Jethro Tull’s Ian Anderson On Frugal Touring And Why Tour Managers Are Pointless
Ian Anderson of Jethro Tull thinks going out on tour an losing money is absurd, and he's turn that philosophy into a hobby. Much of his off time is spent in search of the cheapest flights; and on the road, Anderson is also the tour manager. After all, who needs to pay someone else to spend his money doing things that he can do better?
On Tour Managers
"I don’t have a tour manager because I don’t want to have another guy who will spend my money and do things differently to me, Anderson told Pollstar. "I know exactly where I want to stay. I know exactly which airline and what time I’m going to fly, and what aircraft I’m not prepared to fly and, in a few cases, which airline I’m not supposed to get into for fear of dying."

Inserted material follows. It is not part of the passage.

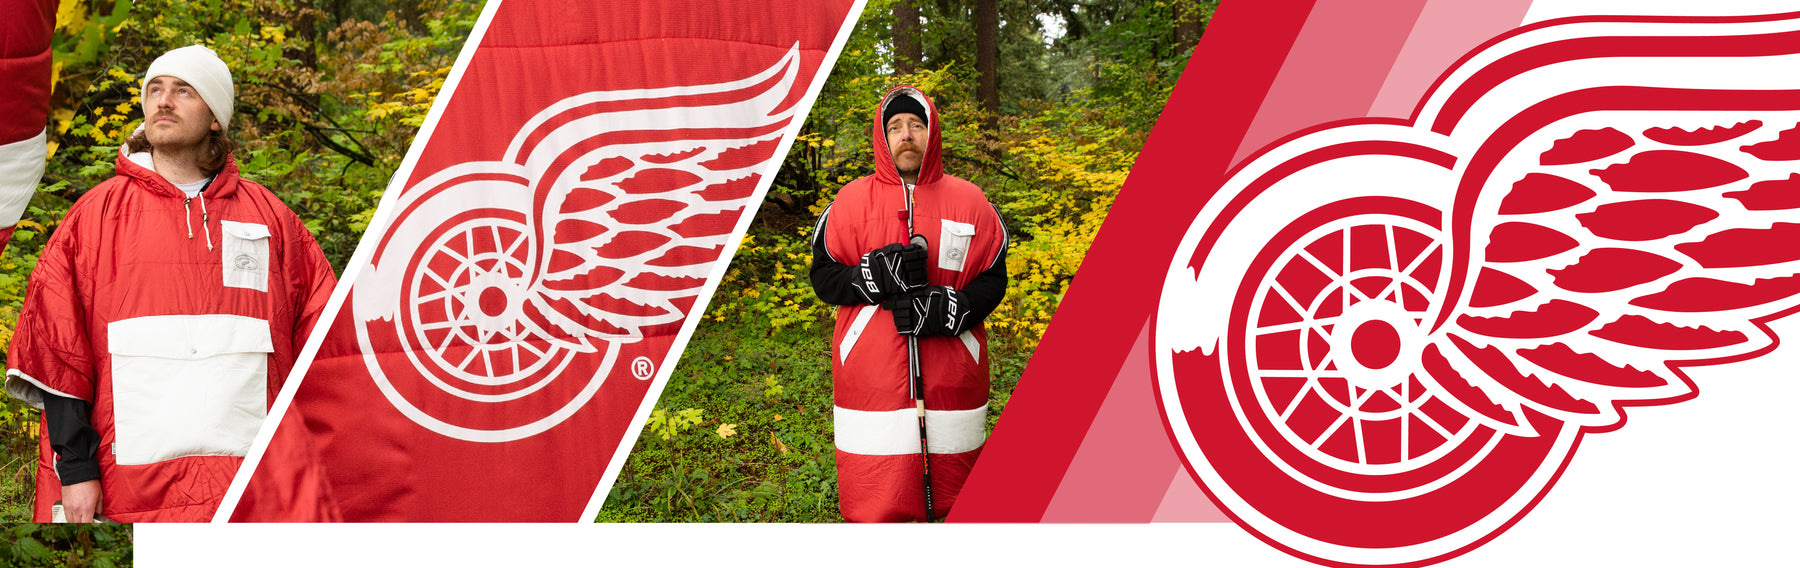 Detroit Red Wings X Poler Poncho
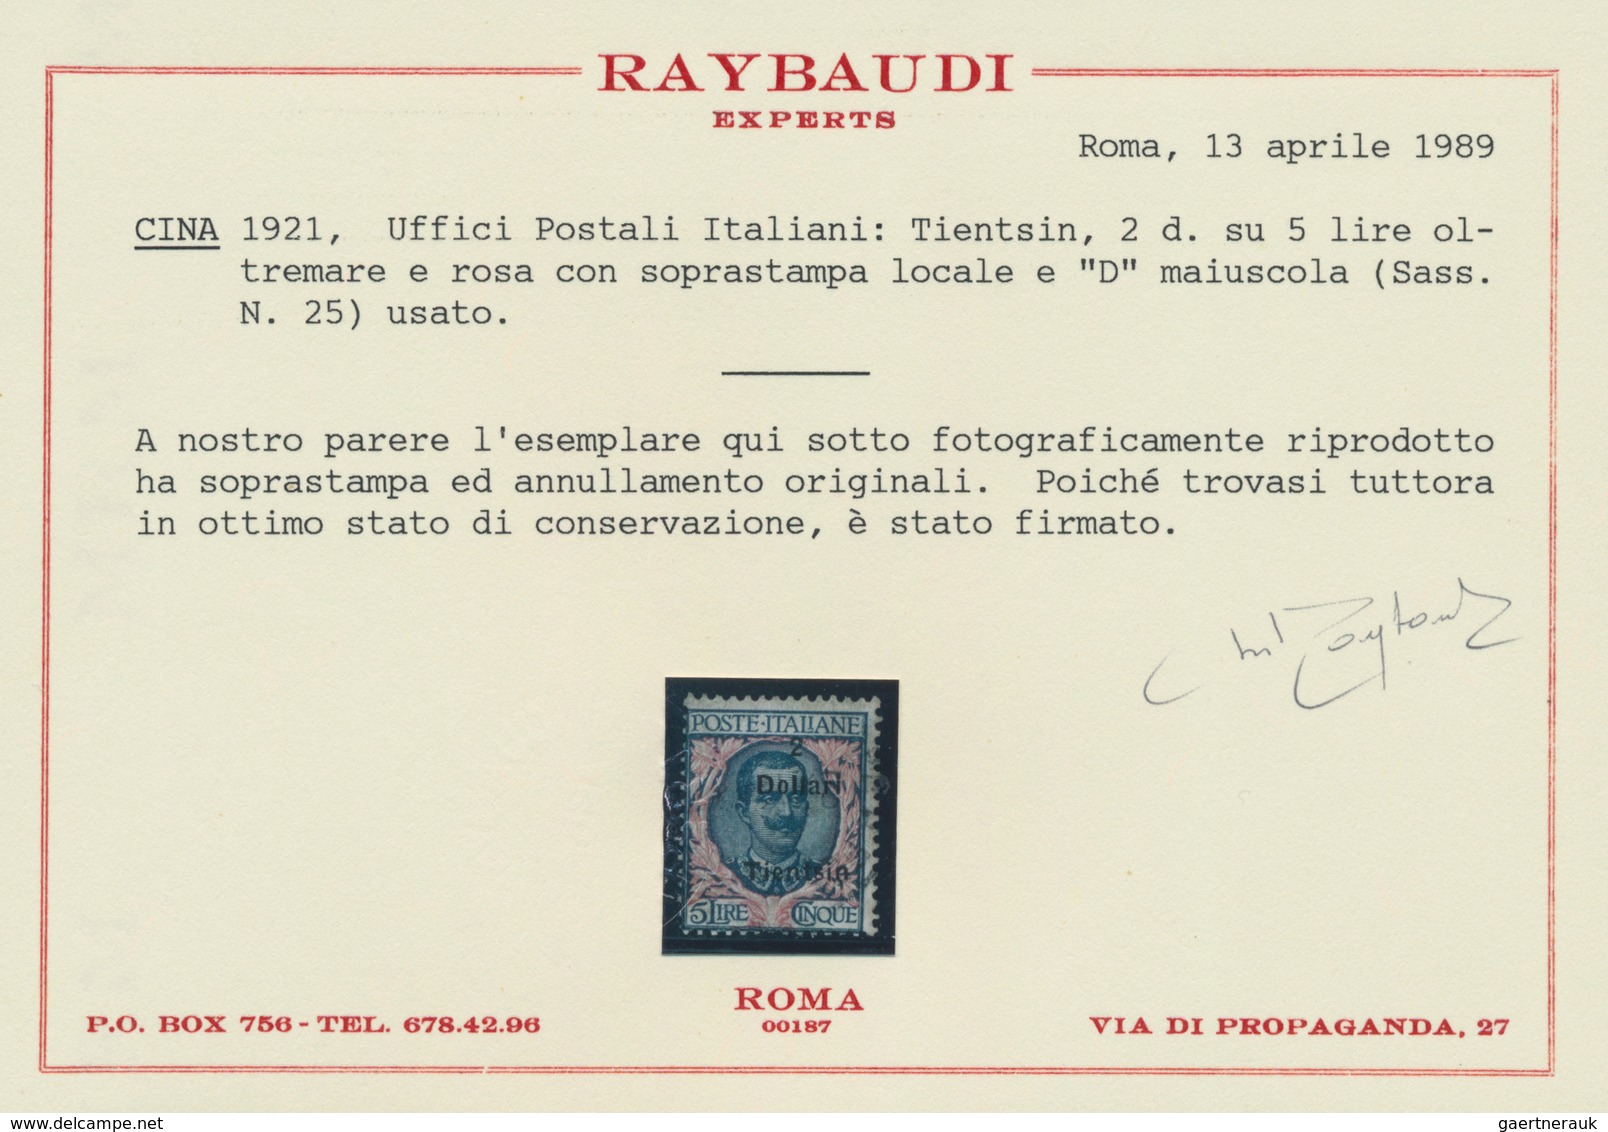 Italienische Post In China: 1919, $2 On 5l. Blue/rose, Used Copy, Reperforated. Certificates E.Diena - Tientsin

Working With The Right Musicians
"I work with musicians. My experience has always been that if you give people the responsibility of behaving like professional musicians, they will rise to the occasion. If you treat them like sheep, they very quickly become sheep. Having a shepherd is not an ingredient that is part of my way of doing things."
Economy Of Scale
"The economy of scale is everything. If you end up with four guys in the band and 20 crew, you’re probably doing something wrong. I mean, there may be an artistic reason for doing that but it’s most likely that you’re way, way overemploying people. And, of course, people will make themselves indispensable … and therefore make [musicians] dependent on them. That’s what I mean when I say if you treat musicians like sheep they become sheep."